Diane called my hotel room a couple days before we were to depart. She asked: “Where have you been? What’s wrong? Do you want to talk about it and go out together for a cup of tea or coffee?”

I agreed, and confessed to her over a warm drink: “I just don’t belong anywhere. I don’t know who I am. All these years, I’ve hid all my health problems to be ‘normal’ and not be defined by all of that, but now I’m coming to grips that maybe who I really am is all I’ve known with my chronic kidney failure and kidney transplants. I feel old and young at the same time. I feel like I must have some sort of purpose in my life after everything that has happened to my family and me, but I don’t know what my purpose is. I don’t know why I’m so angry, sad, and confused all in one. I guess what I’m saying…or really asking is….do I let go of the past and forget everything that has happened with my health and move on like my parents most likely want me to, or do I take what has happened with my past to really make a difference for others and their future and my future? And, how do I make that difference?”

Diane paused. “The 20’s are like the teens, Mary. It is a transition phase of trying to find yourself. But, I can imagine that it is even harder for you because you’ve had so much to deal with since you were young. It is all you’ve known. However, you need to believe me that there are other people just like you either around your age, or maybe not around your age. Remember that age is only a number. More than that, it takes a long time to change for the better and to make this difference that you are all about making. You need to be patient. Everything will work out, and you will find whatever you are trying to find and find you in the process and what you are really meant to do. When in doubt, just blame the medications like Prednisone that have you feeling like an emotional mess.” Diane winked at me.

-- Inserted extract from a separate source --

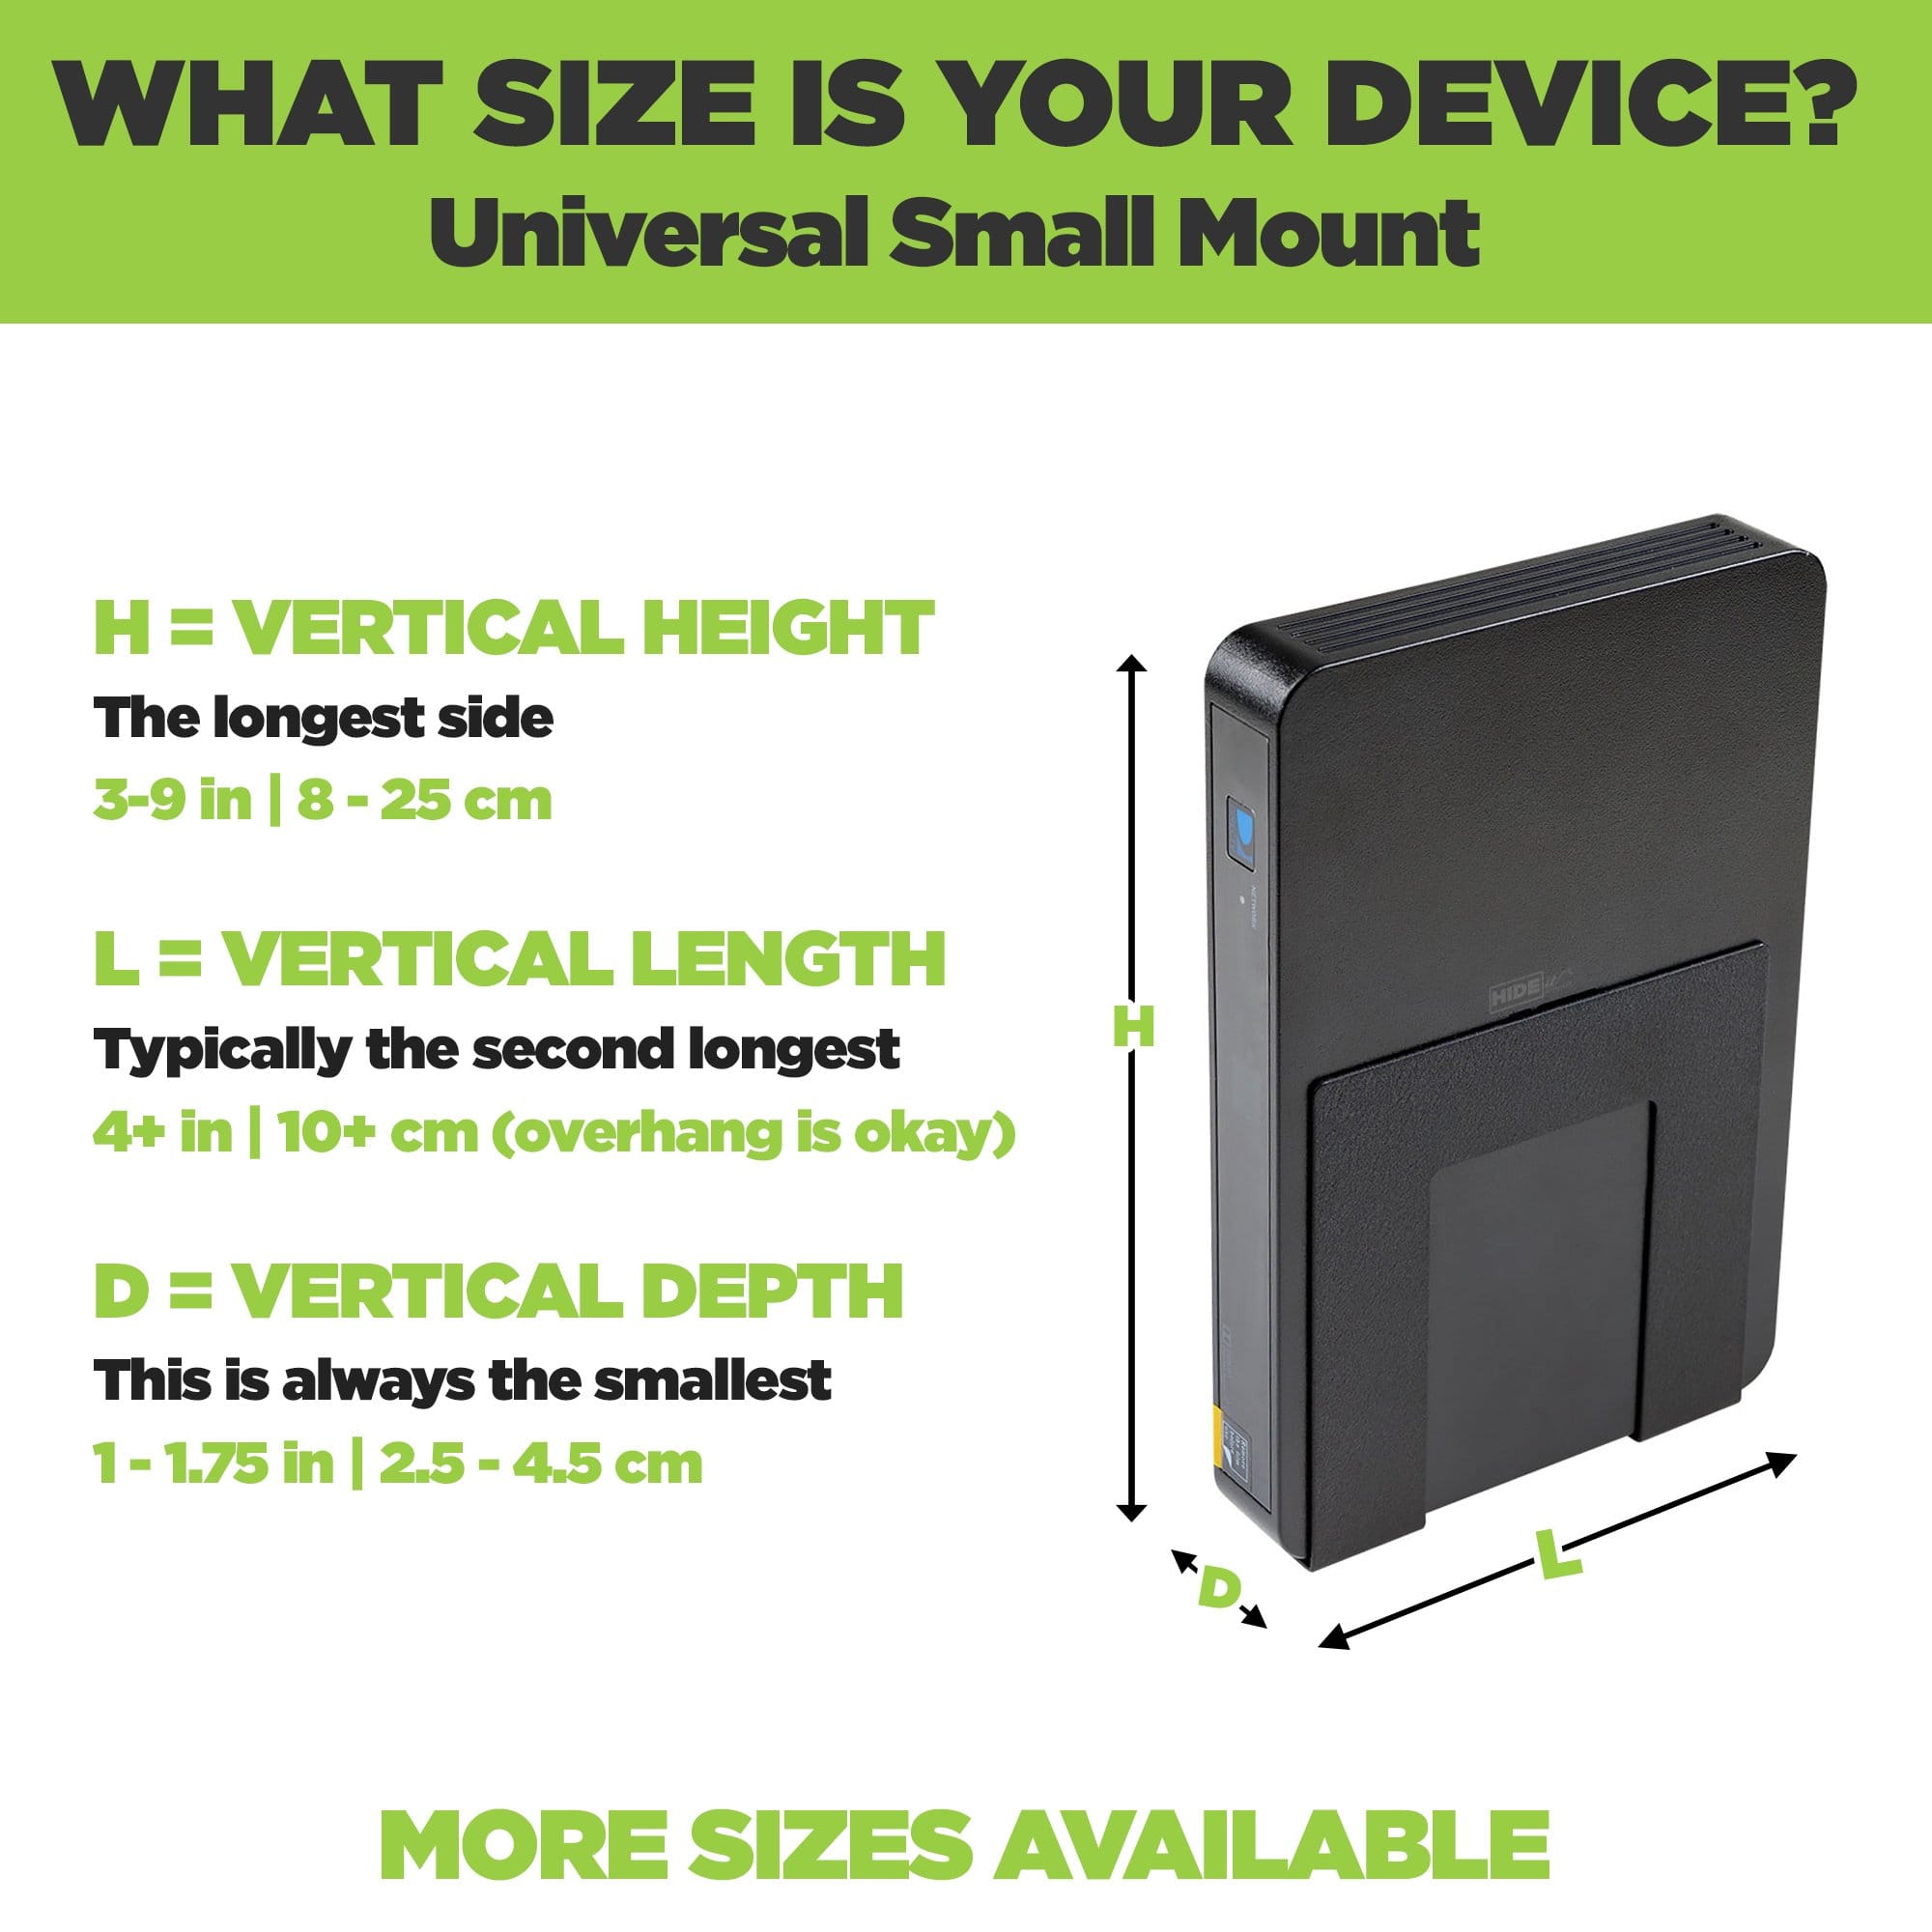 Universal Small Mount adjusts to fit a wide range of devices including wireless routers and modems.

I chuckled, nodded, and finally forced a crooked smile to her. Yes, she was right. Yes, I was just going through the motions of finding that balance of sharing everything that had happened in my life without being defined by everything. But, that infected wound that was now opened and filled with the acidity of loneliness was bigger than ever. Boarding the plane to Chicago with my full and packed bags back to New York, I had actually never felt more alone and confused than ever before.

On the plane ride back, I thought: Who did I think I was believing and hoping that I could even try to make a difference when I didn’t even know how to help myself and when I didn’t even know what I wanted or what could make a difference? Why couldn’t I just get rid of this gnawing belief that true connections were only made with those who had lived their life in reverse as I had? Why couldn’t I stop struggling with who I really was?

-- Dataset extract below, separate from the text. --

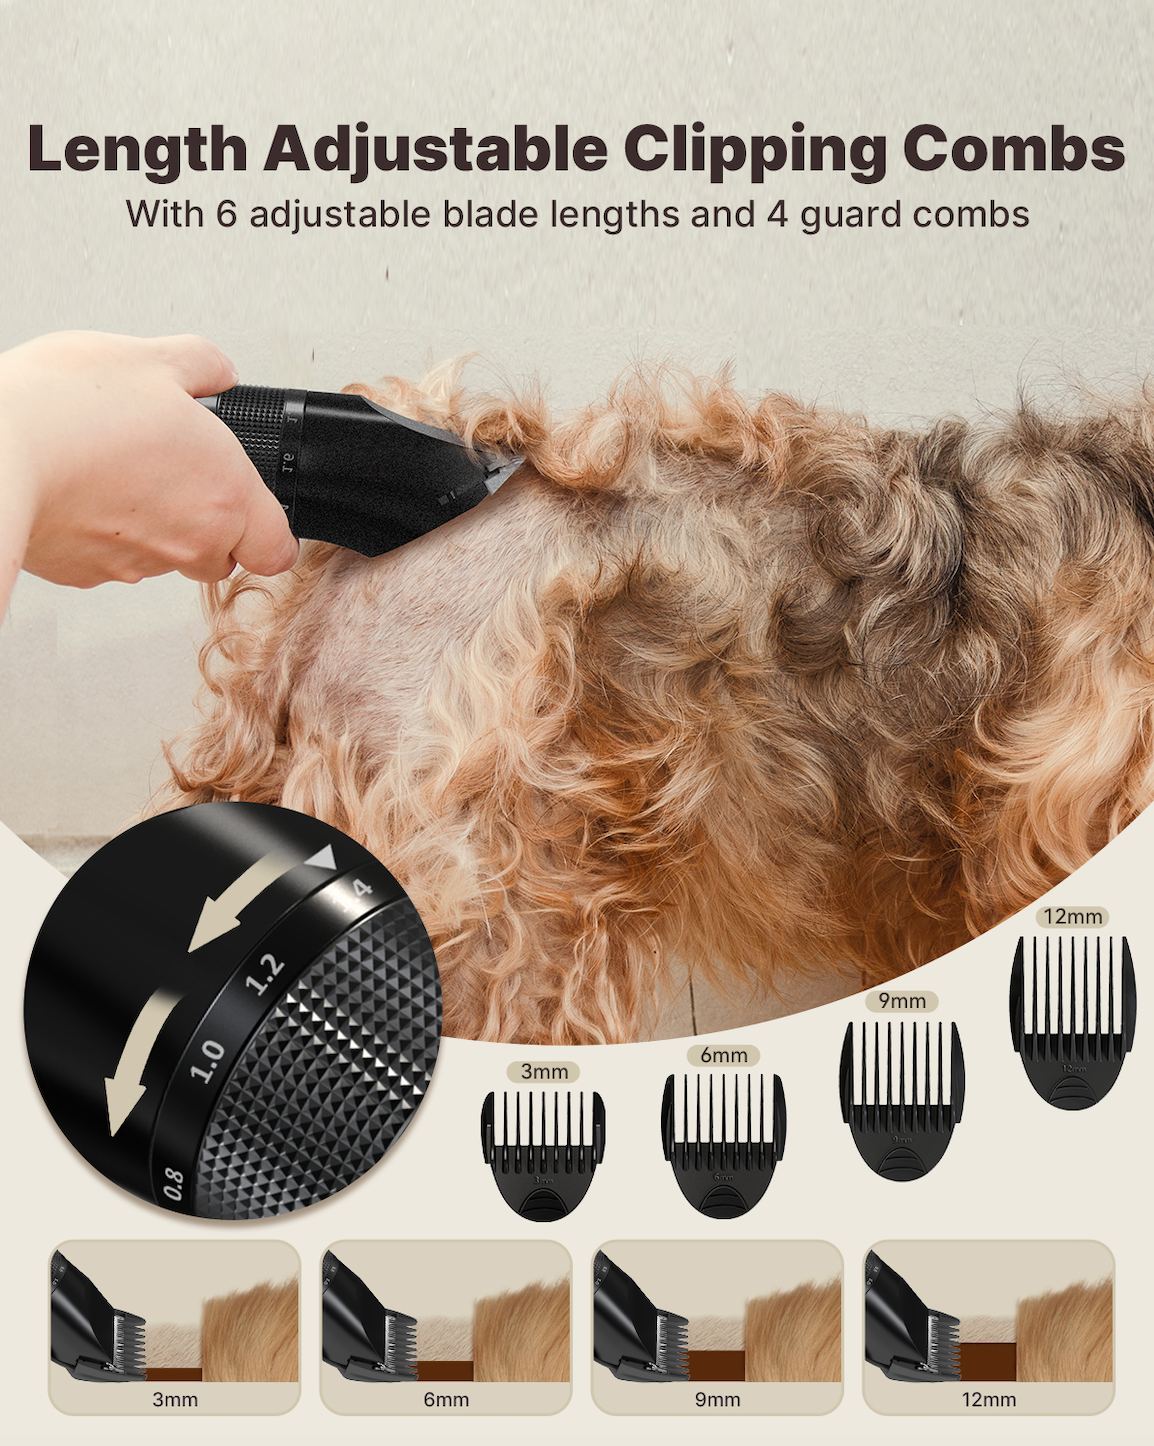 PAWBBY Grooming Clippers

I had spent more than half my life struggling and battling with my health as my worst and yet most comforting enemy that I was all too familiar with, eventually learning how to manage and control everything to the best of my ability. Now, I was in an unfamiliar and scary territory of what to do with the rest of my life.  I was in this twilight zone, purgatory, and transitory phase of finding out that my purpose of life was based upon who I really was without my health problems.  Yet, without my health challenges, who was I?  I had no clue, but I was about to find out and was getting closer to the truth of what laid ahead for me and what I was about to make happen.